@stackmemoryai/cli

v1.0.0

Published

25 days ago

Zero-configuration memory persistence for AI coding tools

0High
0Medium
0Low

jonathanpeterwu

ai memory context claude coding automation mcp

StackMemory

Lossless, project-scoped memory for AI tools

StackMemory is a memory runtime for AI coding and writing tools that preserves full project context across:

chat thread resets
model switching
editor restarts
long-running repos with thousands of interactions

Instead of a linear chat log, StackMemory organizes memory as a call stack of scoped work (frames), allowing context to naturally unwind without lossy compaction.

Memory is storage.
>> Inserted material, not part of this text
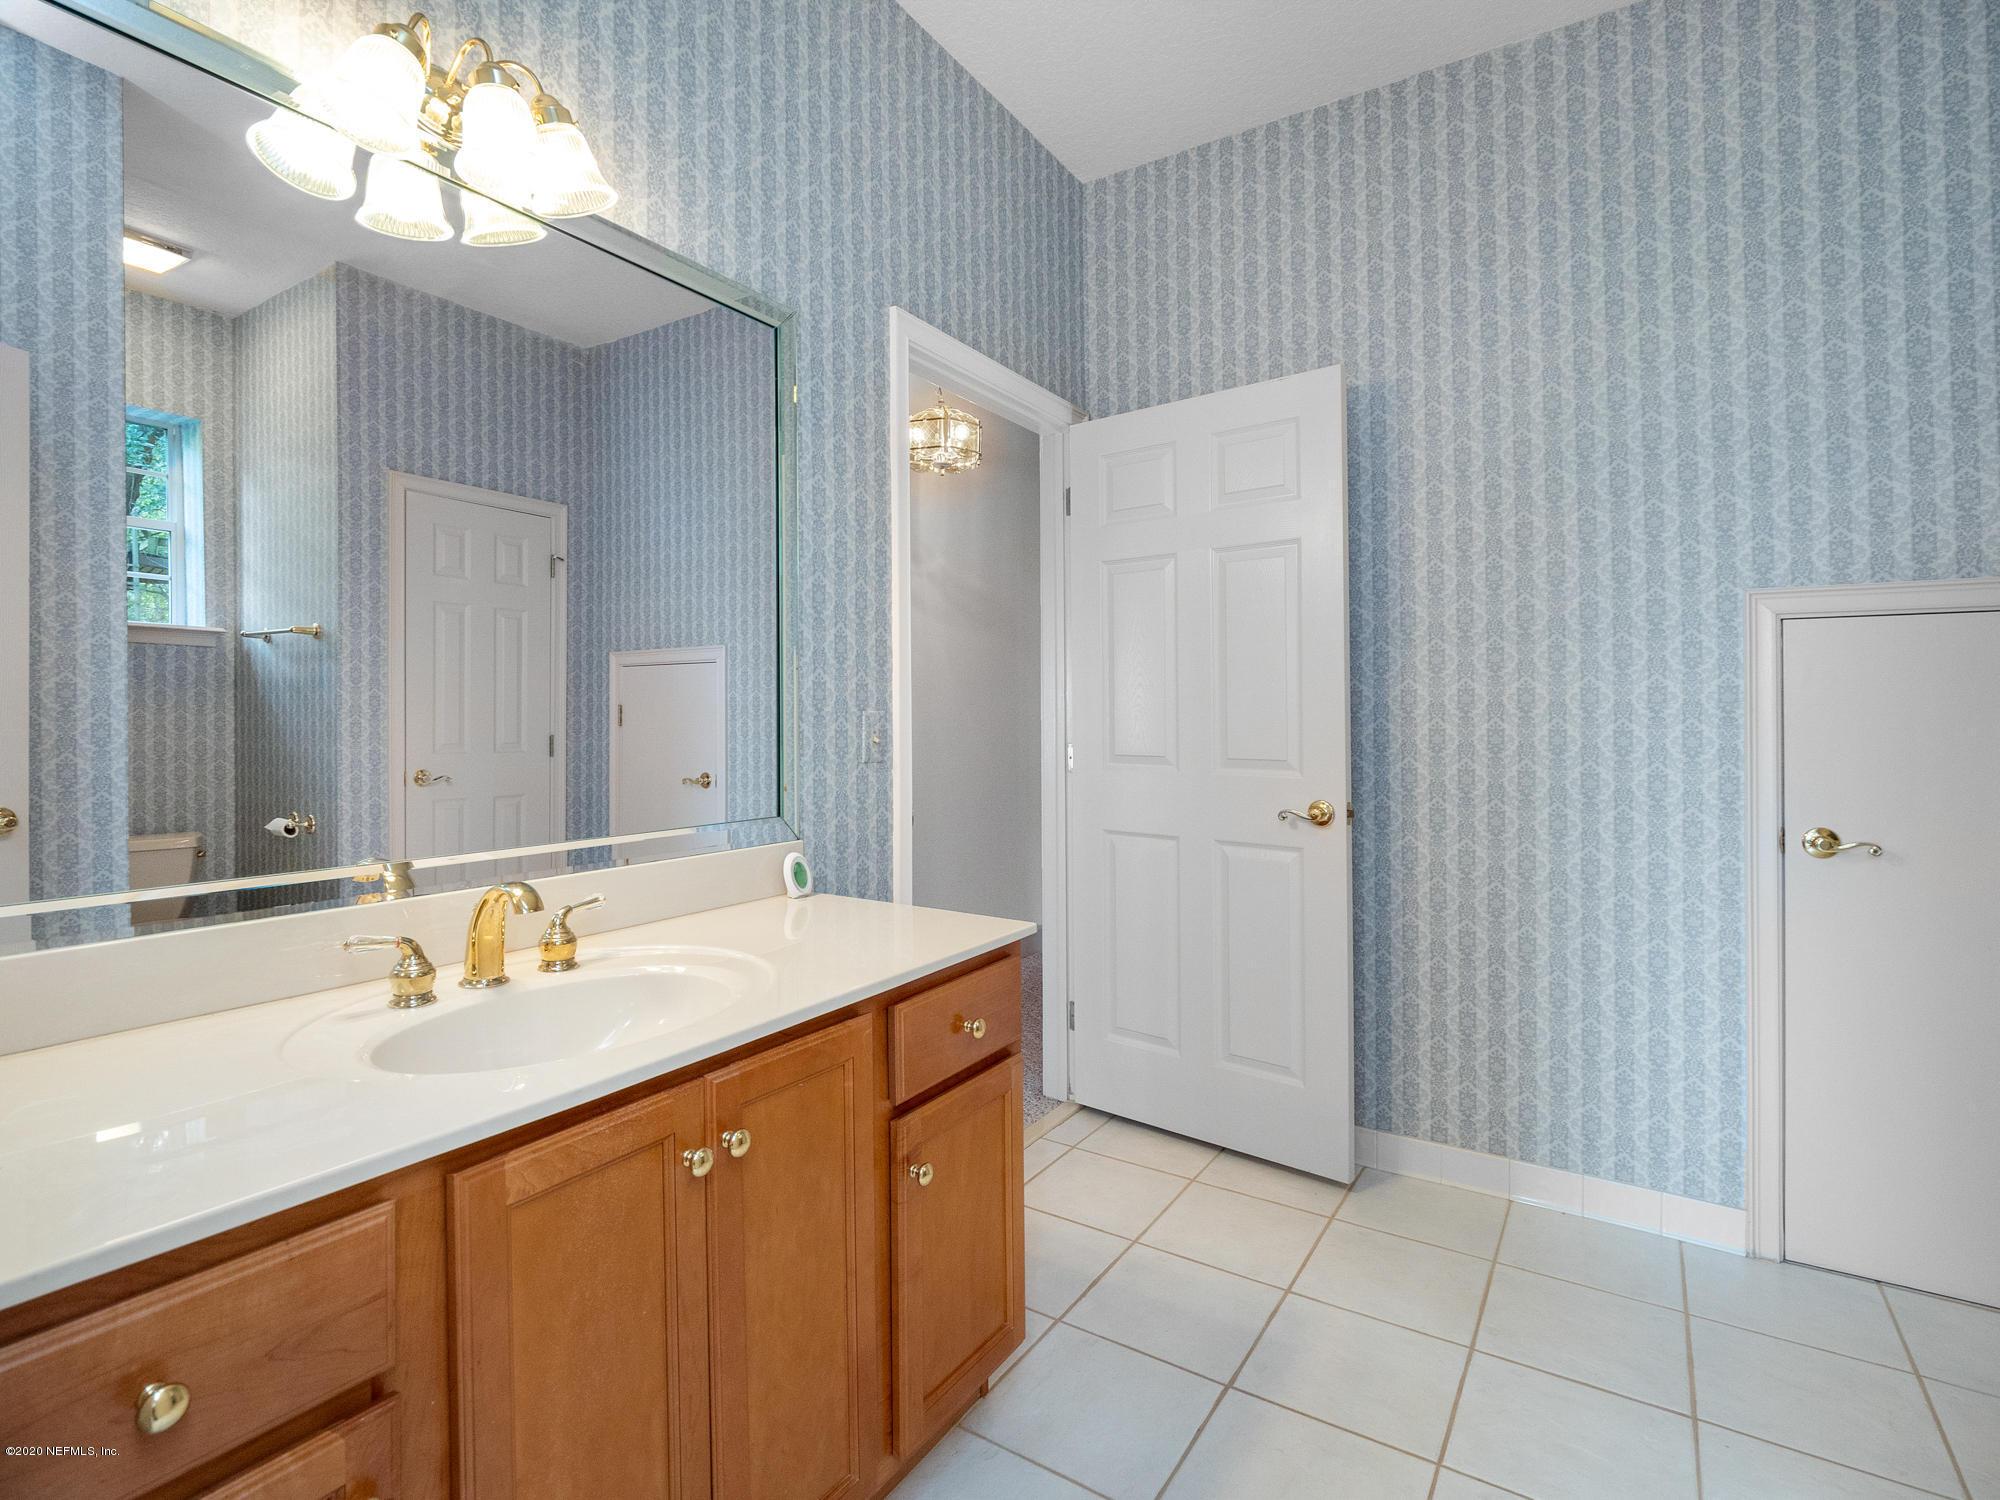 3664 SPINNAKER, JACKSONVILLE, FLORIDA 32277, 5 Bedrooms Bedrooms, ,3 BathroomsBathrooms,Residential,For sale,SPINNAKER,1083241

Context is a compiled view.

Why StackMemory exists

Modern AI tools forget:

why decisions were made
which constraints still apply
what changed earlier in the repo
what tools already ran and why

StackMemory fixes this by:

storing everything losslessly (events, tool calls, decisions)
injecting only the relevant working set into model context
keeping memory project-scoped, not chat-scoped

Core concepts (quick mental model)

| Concept | Meaning | | -------------- | ------------------------------------------------- | | Project | One GitHub repo (initial scope) | | Frame | A scoped unit of work (like a function call) | | Call Stack | Nested frames; only the active path is "hot" | | Event | Append-only record (message, tool call, decision) | | Digest | Structured return value when a frame closes | | Anchor | Pinned fact (DECISION, CONSTRAINT, INTERFACE) |

Frames can span:

multiple chat turns
multiple tool calls
multiple sessions

Hosted vs Open Source

Hosted (default)

Cloud-backed memory runtime
Fast indexing + retrieval
Durable storage
Per-project pricing
Works out-of-the-box

Open-source local mirror

SQLite-based
Fully inspectable
Offline / air-gapped
Intentionally N versions behind
No sync, no org features

OSS is for trust and inspection. Hosted is for scale, performance, and teams.

How it integrates

StackMemory integrates as an MCP tool and is invoked on every interaction in:

Claude Code
compatible editors
future MCP-enabled tools

The editor never manages memory directly — it simply asks StackMemory for the context bundle.

QuickStart

1. Hosted (Recommended)

Step 1: Create a project

stackmemory projects create \
  --repo https://github.com/org/repo

This creates a project-scoped memory space tied to the repo.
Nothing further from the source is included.